# Go:

**Working with complex numbers**

## How to:

In Go, complex numbers are handled using the built-in `complex`

, `real`

, and `imag`

functions, along with `complex64`

and `complex128`

types (representing 64-bit and 128-bit complex numbers respectively). Here’s a quick start guide:

```
package main
import (
"fmt"
)
func main() {
// Creating complex numbers
a := complex(2, 3) // 2+3i
b := complex(1, -1) // 1-1i
// Arithmetic operations
c := a + b
fmt.Println("Addition:", c) // Output: Addition: (3+2i)
d := a * b
fmt.Println("Multiplication:", d) // Output: Multiplication: (5+1i)
// Accessing real and imaginary parts
realPart := real(a)
imagPart := imag(a)
fmt.Printf("Real part: %.1f, Imaginary part: %.1f\n", realPart, imagPart) // Output: Real part: 2.0, Imaginary part: 3.0
// Complex conjugate and magnitude can be calculated
conjugate := complex(real(a), -imag(a)) // Manually
fmt.Println("Conjugate of a:", conjugate) // Output: Conjugate of a: (2-3i)
}
```

This example covers the basics, but there’s much more you can do with complex numbers, including leveraging the `math/cmplx`

package for more advanced operations like finding the magnitude, phase, and much more.

## Deep Dive

The concept of complex numbers dates back to the 16th century, but only got wide recognition and rigorous formalization in the 19th century. In computer programming, complex numbers have been a staple for complex arithmetic in scientific and engineering calculations since the early days. Go’s approach to complex numbers, by making them a first-class citizen with built-in support and comprehensive standard library support through the `math/cmplx`

package, stands out among programming languages. This design decision reflects Go’s emphasis on simplicity and performance.
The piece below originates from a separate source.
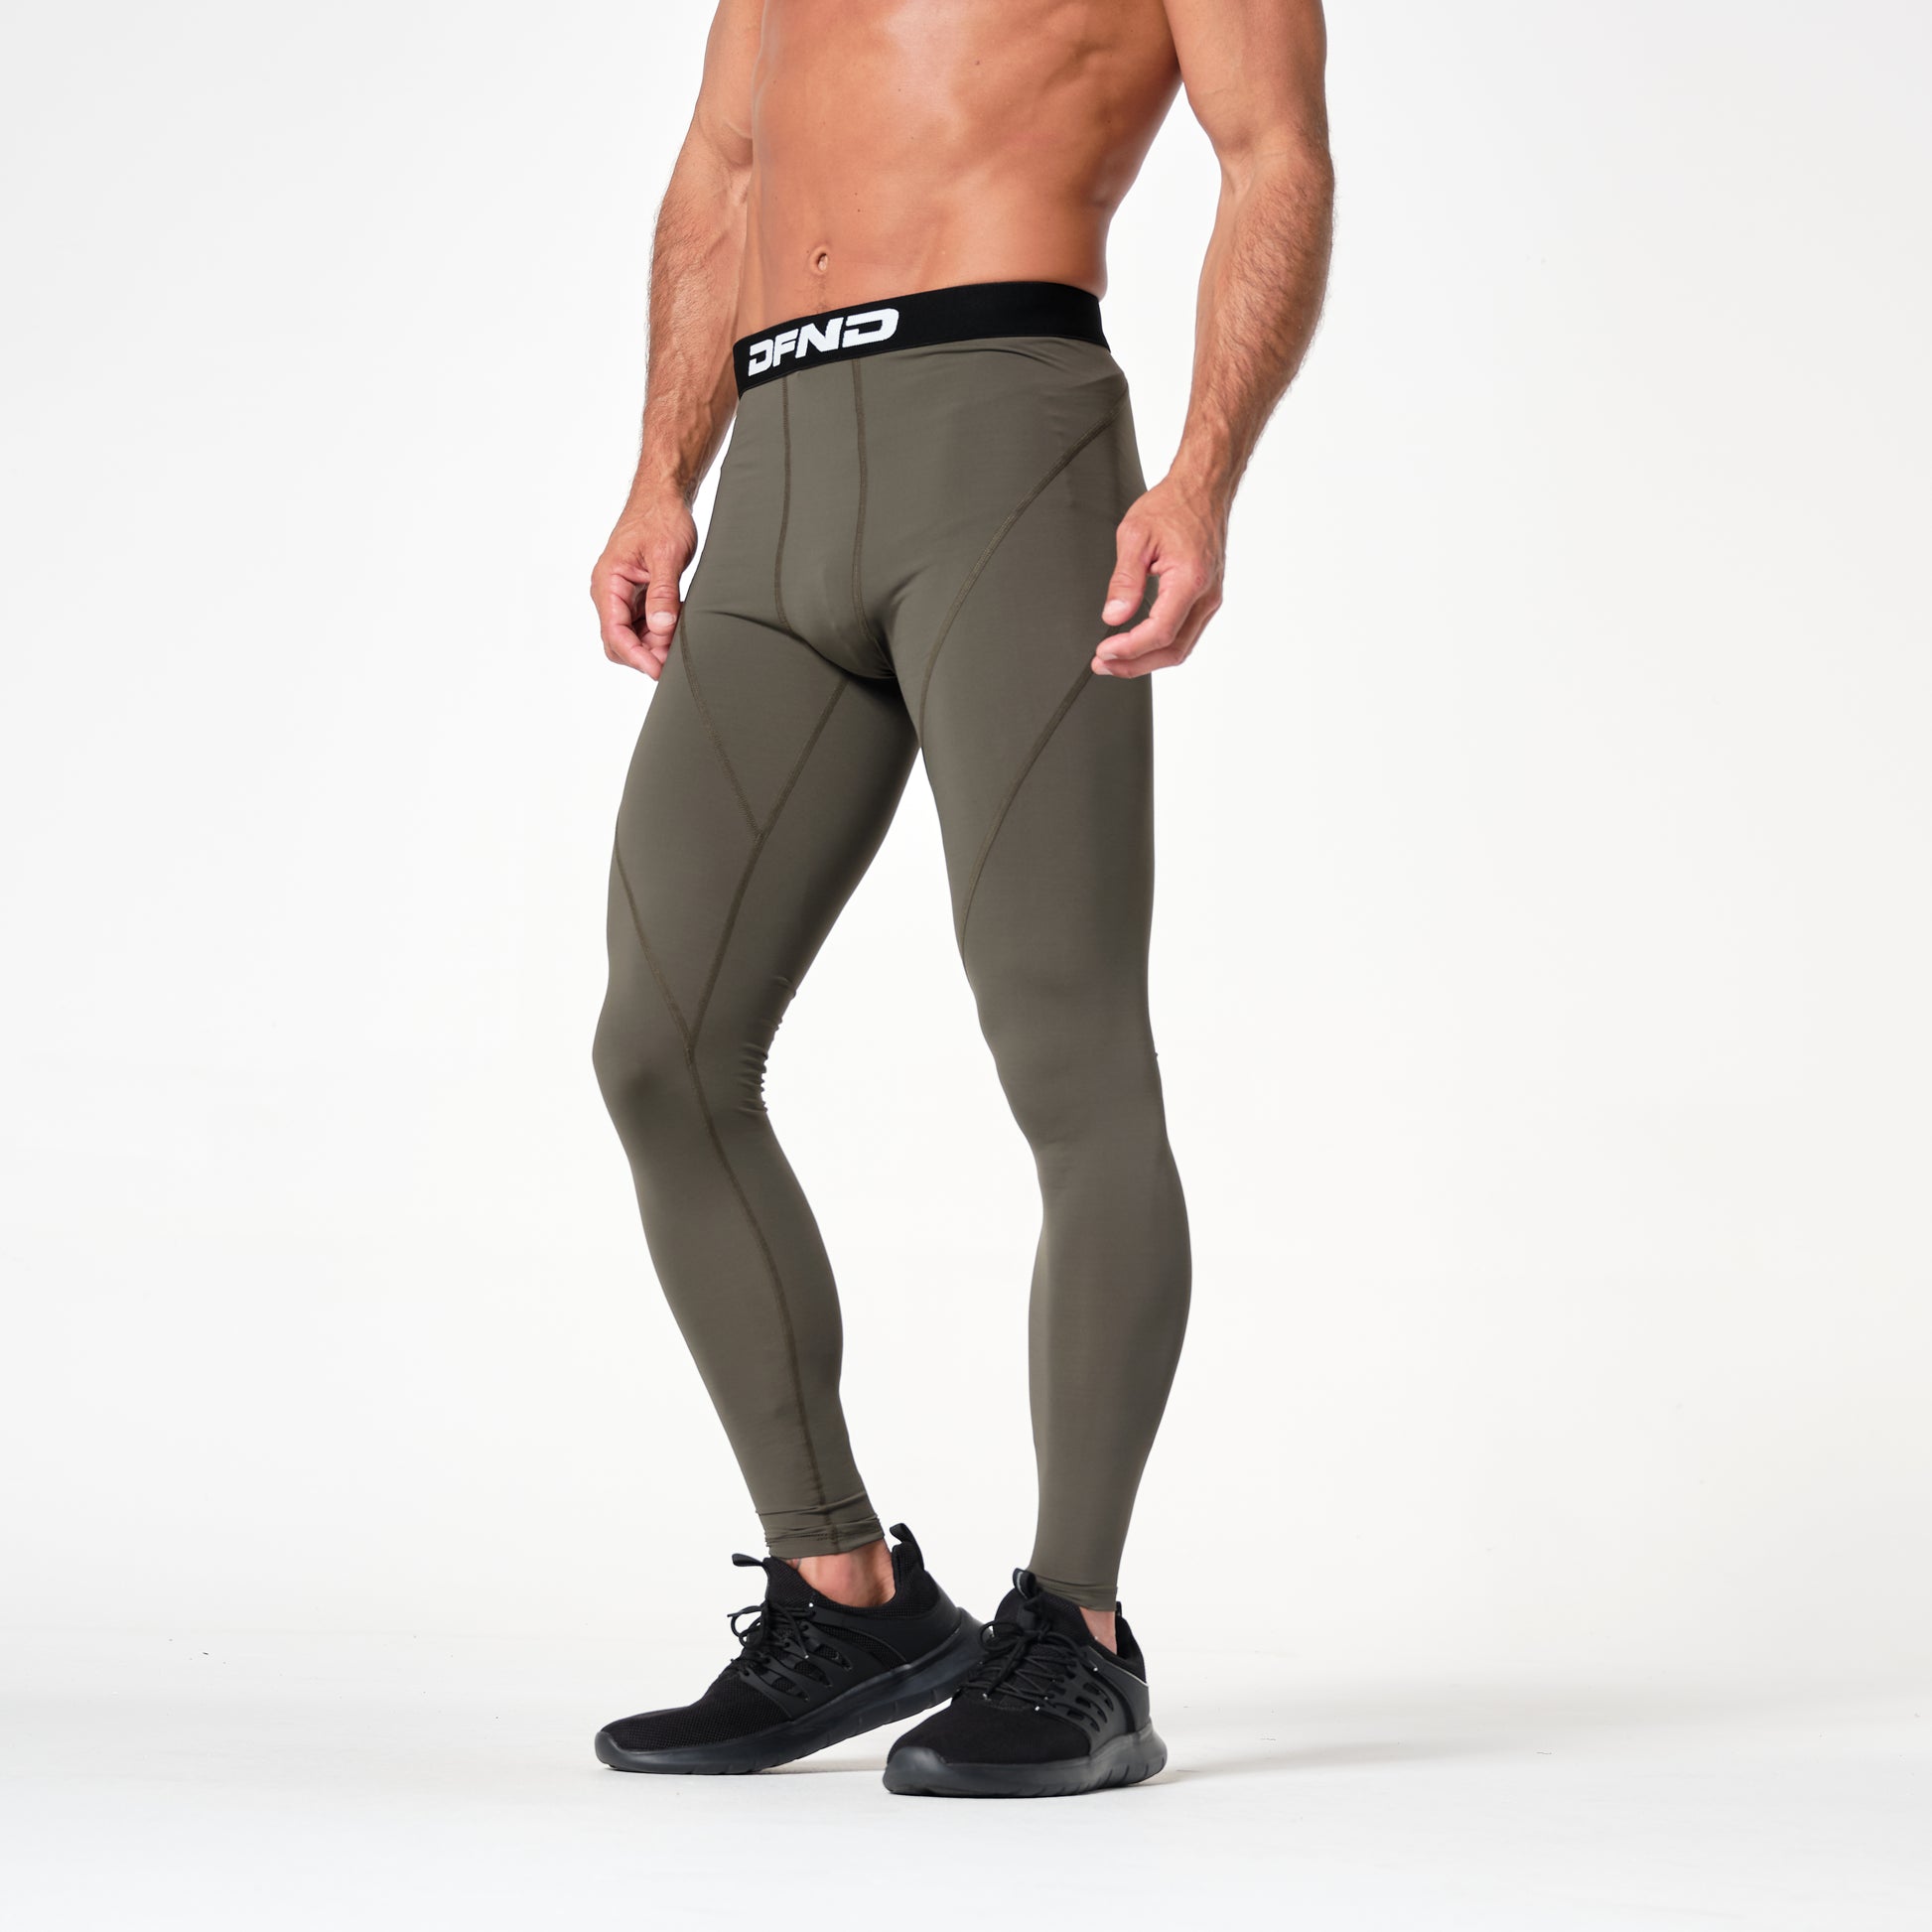 Cotton Spandex Jersey Yoga Pants - American Apparel Style 8300

Nevertheless, it’s worth noting that working with complex numbers in Go, while powerful, may not always be the best approach for all applications, particularly those requiring symbolic mathematics or high-precision arithmetic. Languages and environments specialized in scientific computing, such as Python with libraries like NumPy and SciPy, or software like MATLAB, might offer more flexibility and a broader range of functionalities for specific applications.

That said, for systems programming and contexts where integrating complex number calculations into a larger, performance-sensitive application is crucial, Go’s native support for complex numbers provides a uniquely efficient option.